The Rev. Emily Brewer came to PPF in 2015, one month following seminary graduation

by Mike Ferguson | Presbyterian News Service

The Rev. Emily Brewer (Photo courtesy of Presbyterian Peace Fellowship)

LOUISVILLE — The Rev. Emily Brewer, the executive director of Presbyterian Peace Fellowship, announced Wednesday she will step down at the end of April.

“I joined the staff of PPF in 2015, about a month after I graduated from seminary,” Brewer said in an email announcing her impending departure. “Where some would have seen my idealism as immaturity, PPF celebrated that idealism and helped me hone it. To idealistic people of all ages and stages of life, PPF says, ‘Oh, you think a world without war and violence is possible? So do we. Let’s work together.’”

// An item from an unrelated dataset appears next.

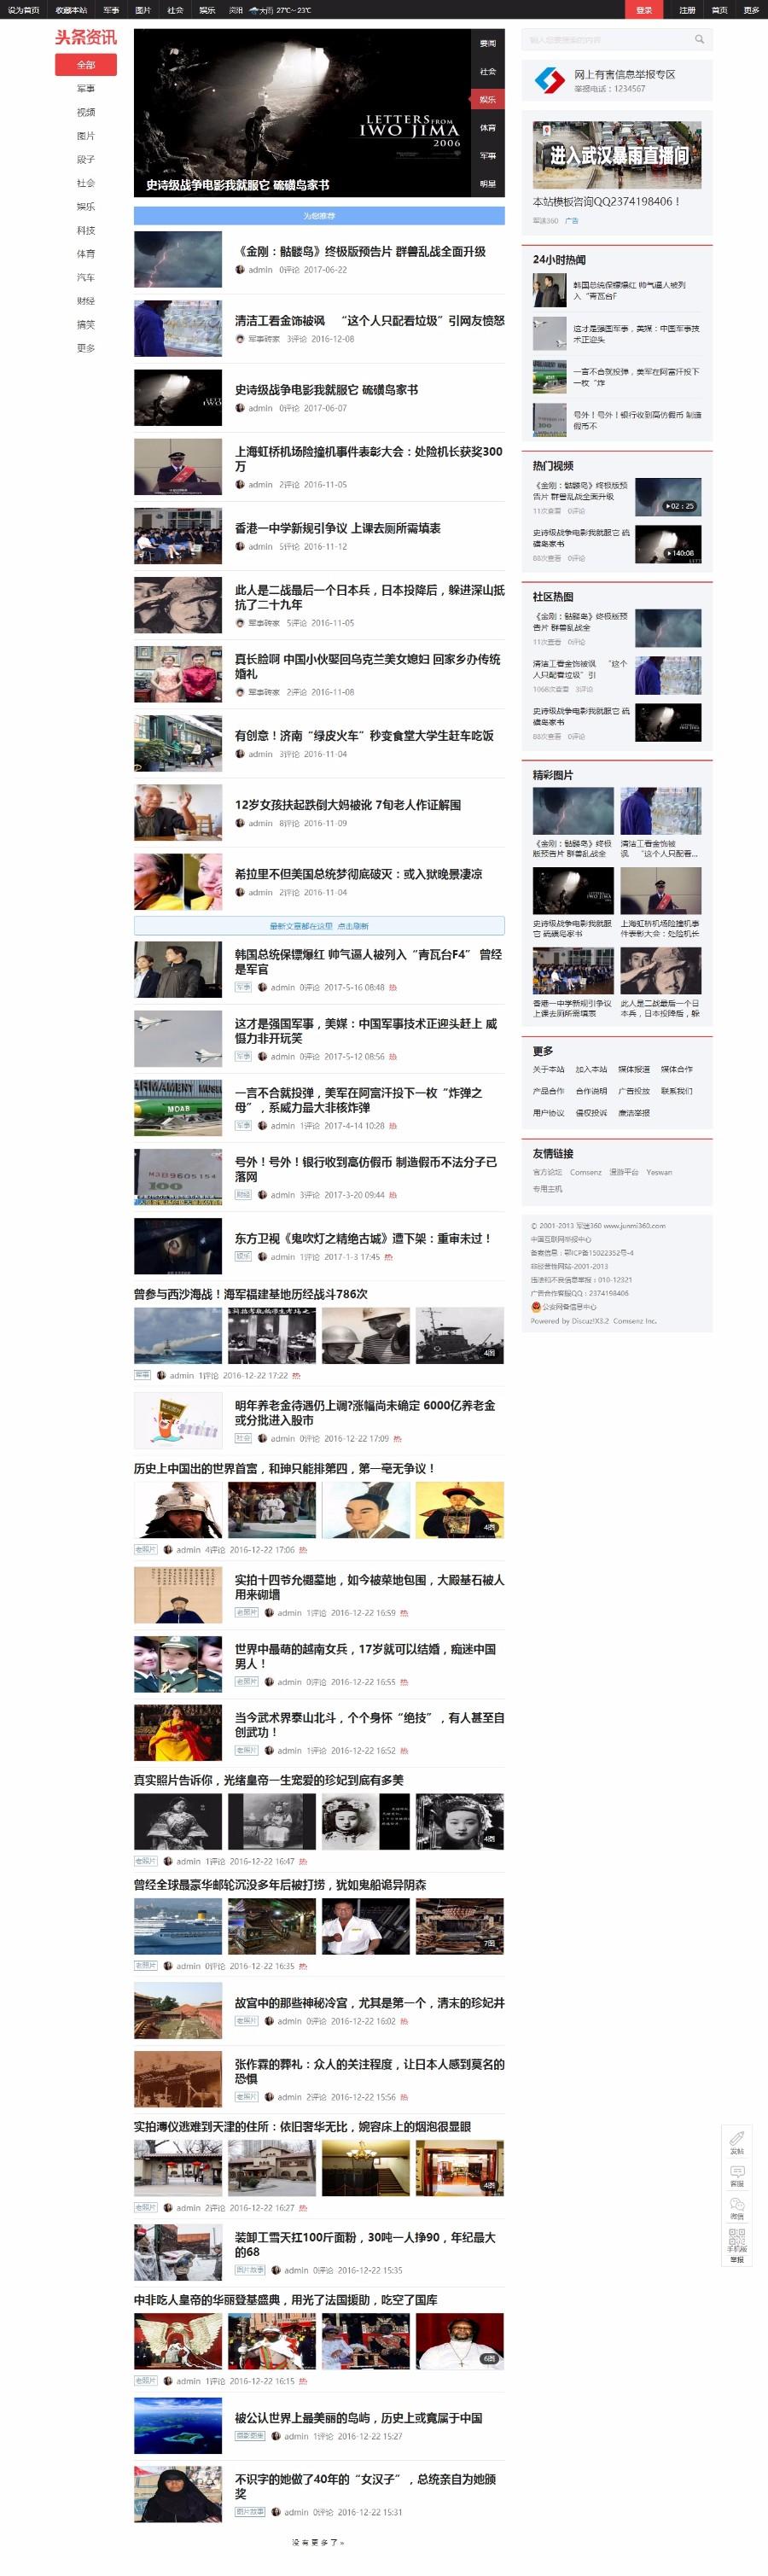 【discuz模板下载】仿今日头条新闻资讯带手机端网站模板 GBK+UTF8(整站源码分享)

Brewer said PPF has “shown up in times and places where it mattered the most,” including:

  • Responding to the call and invitation from people experiencing violence at Standing Rock, in Colombia, at the U.S.-Mexico border, in Israel-Palestine and in Puerto Rico
  • Responding to churches seeking to provide sanctuary to people, helping to turn guns into garden tools and “boldly proclaiming that war and militarism are inconsistent with the Gospel of Christ.”
  • Joining coalitions and movements calling for an end to racist and violent policing in the U.S.
  • Partnering with those who call “upon all of us to stop profiting from fossil fuels and start investing our money and lives in sustainable ways of living.”

PPF’s Activist Council has tripled in size over the last seven years, Brewer noted. “What that tells me is that the Church and the world is hungry for what PPF is all about: taking seriously the Gospel call to ‘love your neighbor’ and believing that loving each other means working so that each person can thrive; working for an end to systemic violence and the presence of real peace.”

The Rev. David Ensign (Photo courtesy of Presbyterian Peace Fellowship)

Brewer said it’s hard to step back, “especially in a time of war and escalating threats of nuclear war. The work feels — and is — as urgent as ever.” She said she’s grateful that the Rev. David Ensign, a Virginia-based PC(USA) pastor, writer and musician, will serve as PPF’s interim executive director, beginning in mid-April. “David first connected with PPF when PPF was organizing with other religious groups against the Iraq war,” Brewer said, “and I know his leadership and his interim experience will serve PF well in the coming months.”

“PPF has been working for peace with justice for almost 80 years,” Brewer said, “and I know it will continue boldly living out the truth that nonviolence is the way to peace.”